Jennifer Donnell’s Los Angeles Superior Court lawsuit alleges retaliation, discrimination, harassment and failure to prevent harassment and discrimination and retaliation. She seeks unspecified damages in the suit brought Monday.

A county spokesman said Thursday the county does not comment on pending litigation.

Donnell was hired by the county in 1999 as a program analyst and has held such other positions as senior contract program auditor, director of Internal Affairs and bureau chief, the suit states.

“However, Ms. Donnell’s career came to a screeching halt in March 2020 when she was administratively transferred to a compliance and strategic planning position in retaliation for her raising concerns about illegal conduct taking place within the county,” the suit states.

Before her reassignment, Donnell was a senior manager in the Internal Affairs Bureau of the Probation Department, the suit states. Since her reassignment, she has twice been denied promotions based on race and has been targeted for coming forward and addressing key problems involving Probation Department managers and officers, the suit alleges.
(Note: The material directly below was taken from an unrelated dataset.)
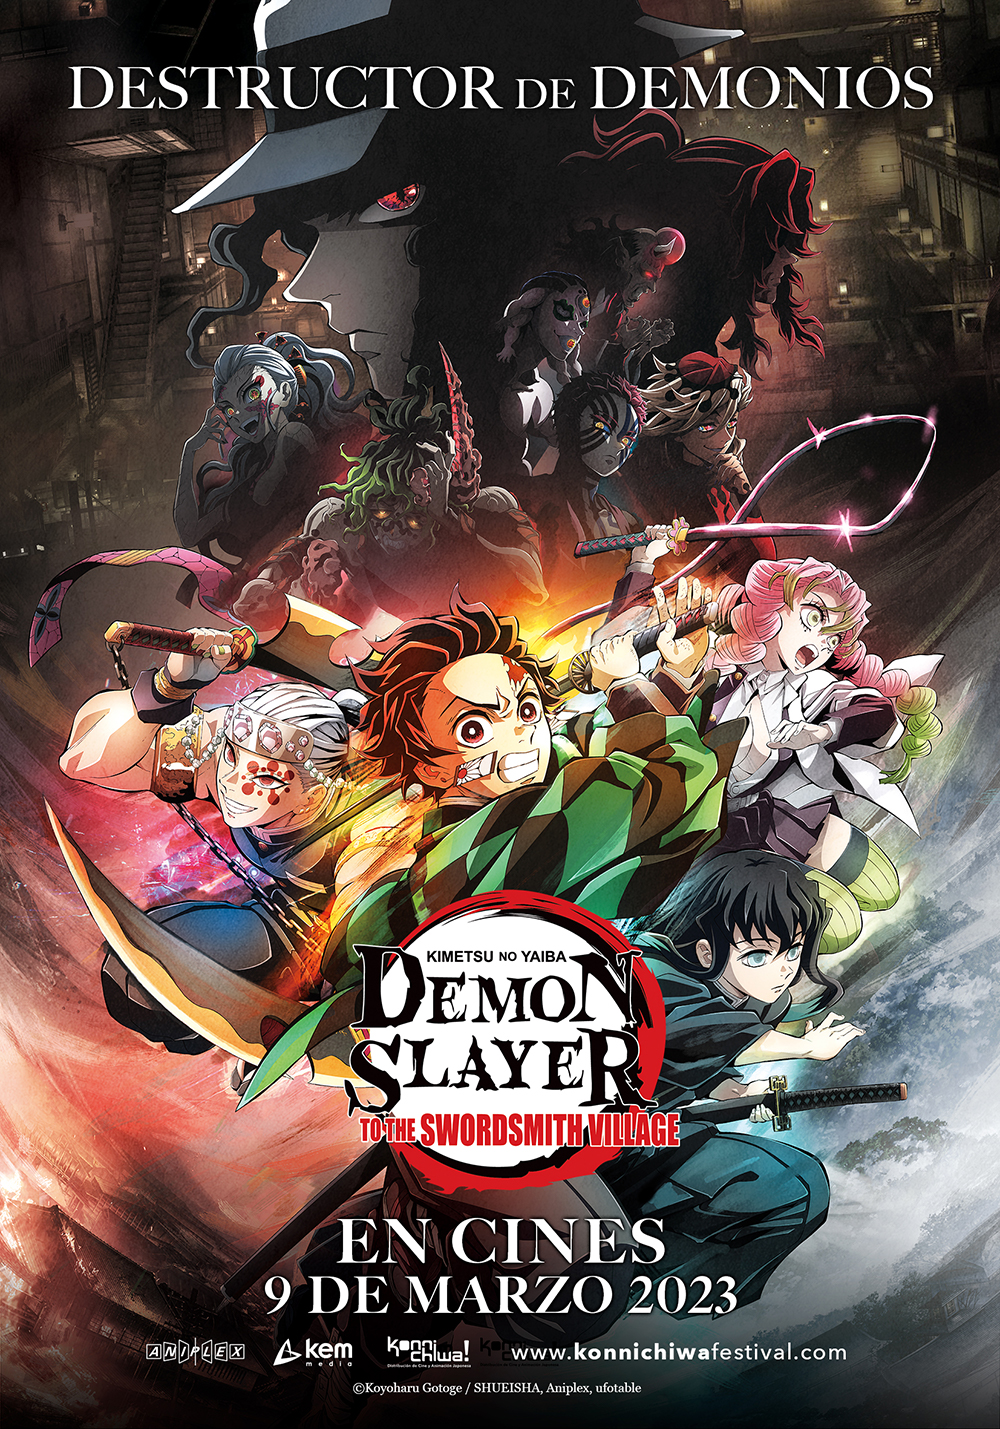 Demon Slayer -Kimetsu no Yaiba- To the Swordsmith Village

“(Donnell) believes that certain managers and decision makers within the Probation Department and in the county … are playing favorites to overlook discipline and/or are hostile towards plaintiff’s protected activities (in) exposing and holding accountable certain individuals who have engaged in excessive force, abuse and witness intimidation within the Department and in connection with federal and state criminal matters,” according to the suit.

Just days before learning of her reassignment, Donnell had complained to a member of the County Counsel’s office about alleged secret roundtable meetings that were being conducted by an all-white team of county executives and others to review, and in some cases even reverse, discipline that Donnell had recommended against probation officers for “egregious acts of child abuse,” the suit states.

After Donnell moved to her new assignment, she was denied the resources, personnel and tools that were promised to her and were necessary to perform her job, and she was transferred from the county headquarters to a building that was a former jail, according to her suit.

“(Donnell) believes that her protected activities and her high- profile position as a woman of color have contributed (to) management pushing for her removal, reassignment and a continuing marginalization” of her, resulting in a loss of job duties and promotional opportunities, the suit states.

Donnell, a “dedicated member of the law enforcement community and long-standing county employee with an exceptional employment record,” has suffered harm to her job prospects within the county as well as to her health and well-being, the suit states.